Multithreading
SVS throughput can be highly improved by running multiple queries in parallel, as its performance scales very well with the number of threads (see System utilization - Multithreading for benchmarking results). Larger query batch sizes will benefit more from multi-threaded search.
The number of threads can be specified when loading the index
In Python
# We can reload an index from a previously saved set of files.
index = svs.Vamana(
os.path.join(test_data_dir, "example_config"),
svs.GraphLoader(os.path.join(test_data_dir, "example_graph")),
svs.VectorDataLoader(
os.path.join(test_data_dir, "example_data"), svs.DataType.float32
),
svs.DistanceType.L2,
num_threads = 4,
)
In C++
// We can reload an index from a previously saved set of files.

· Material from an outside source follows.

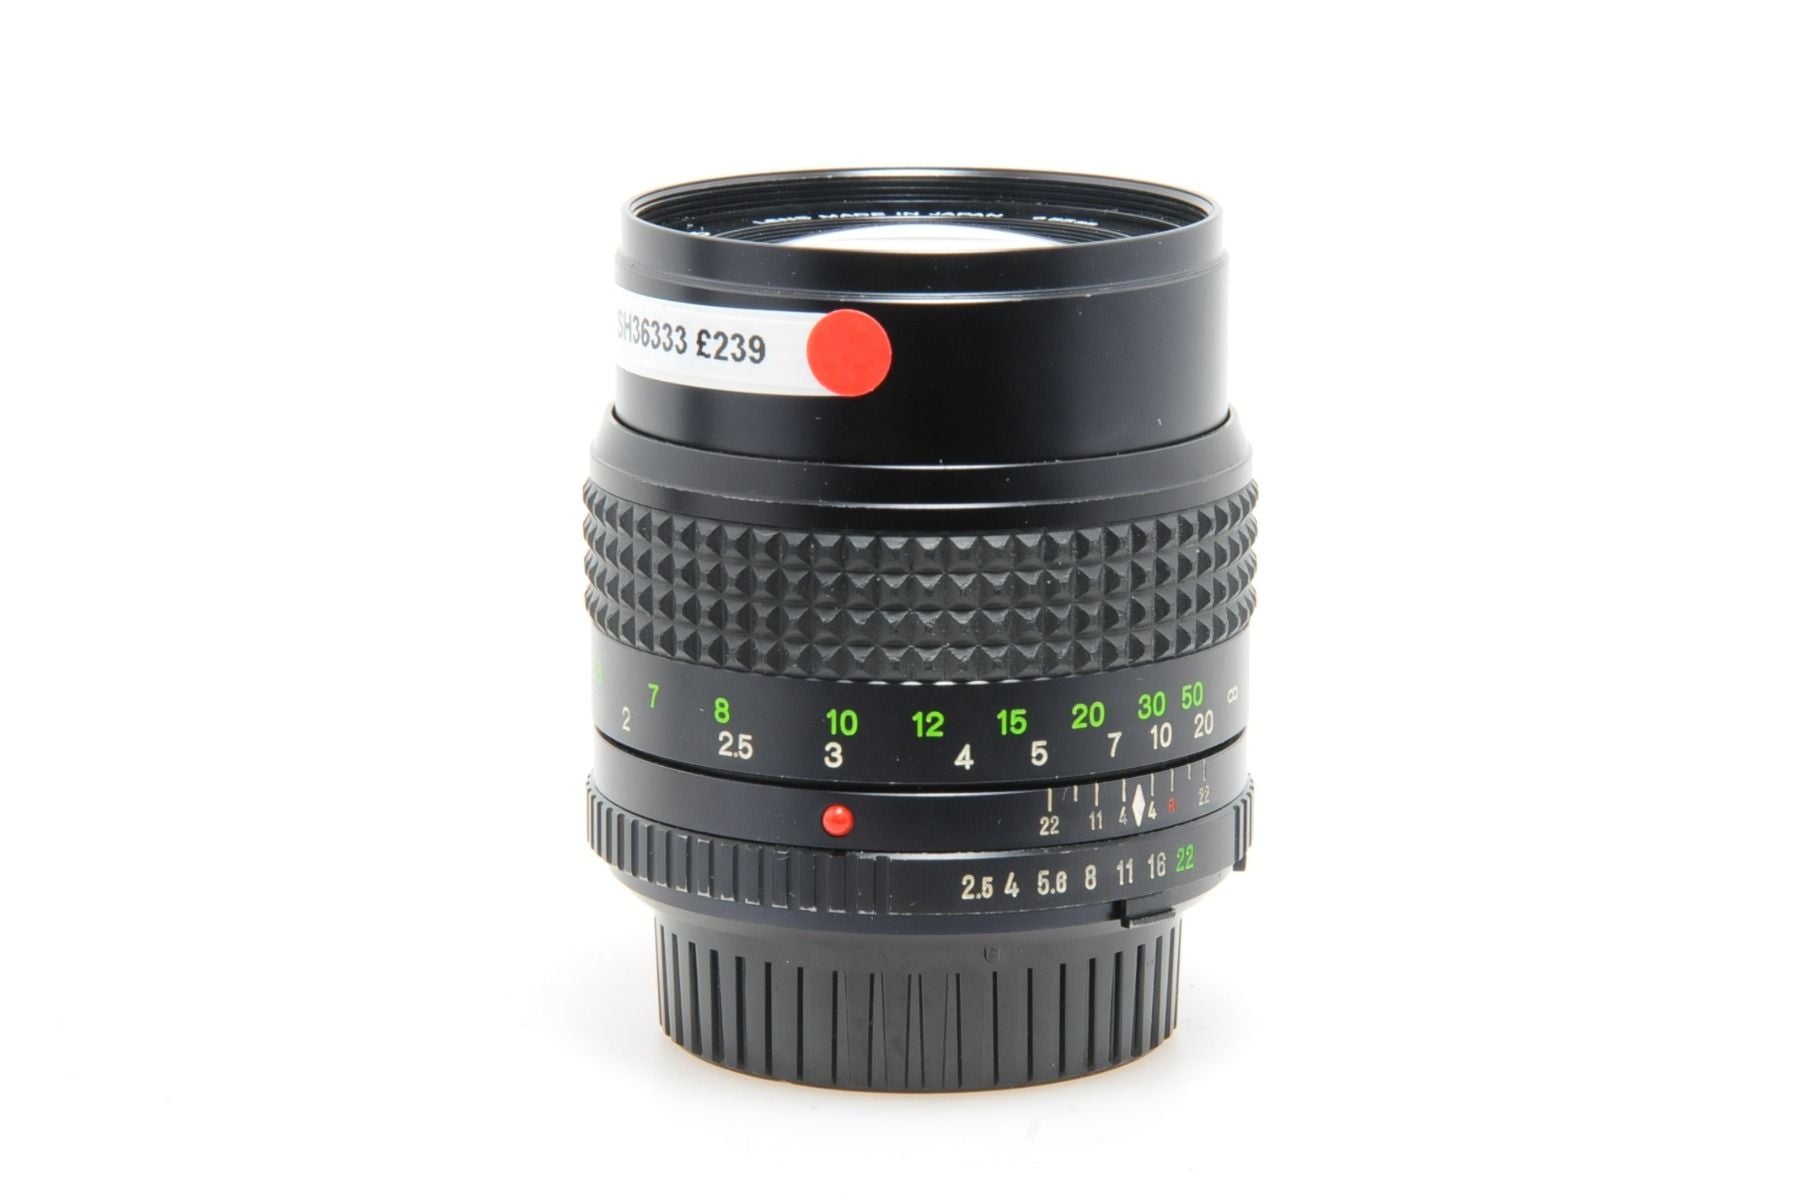 Product Image of Used Minolta MD Tele Rokkor 100mm F2.5 portrait lens (SH36333)

index = svs::Vamana::assemble<float>(
"example_config",
svs::GraphLoader("example_graph"),
svs::VectorDataLoader<float>("example_data"),
svs::DistanceType::L2,
4 // num_threads
);
or at runtime
In Python
index.num_threads = 4
In C++
index.set_num_threads(4);
Make sure to set the number of threads according to the query batch size. Smaller batch sizes may benefit from using fewer threads, as the overhead of handling multiple threads may be too large.
Warning
To avoid performance degradation make sure to set the number of threads to 1 if running one query at a time.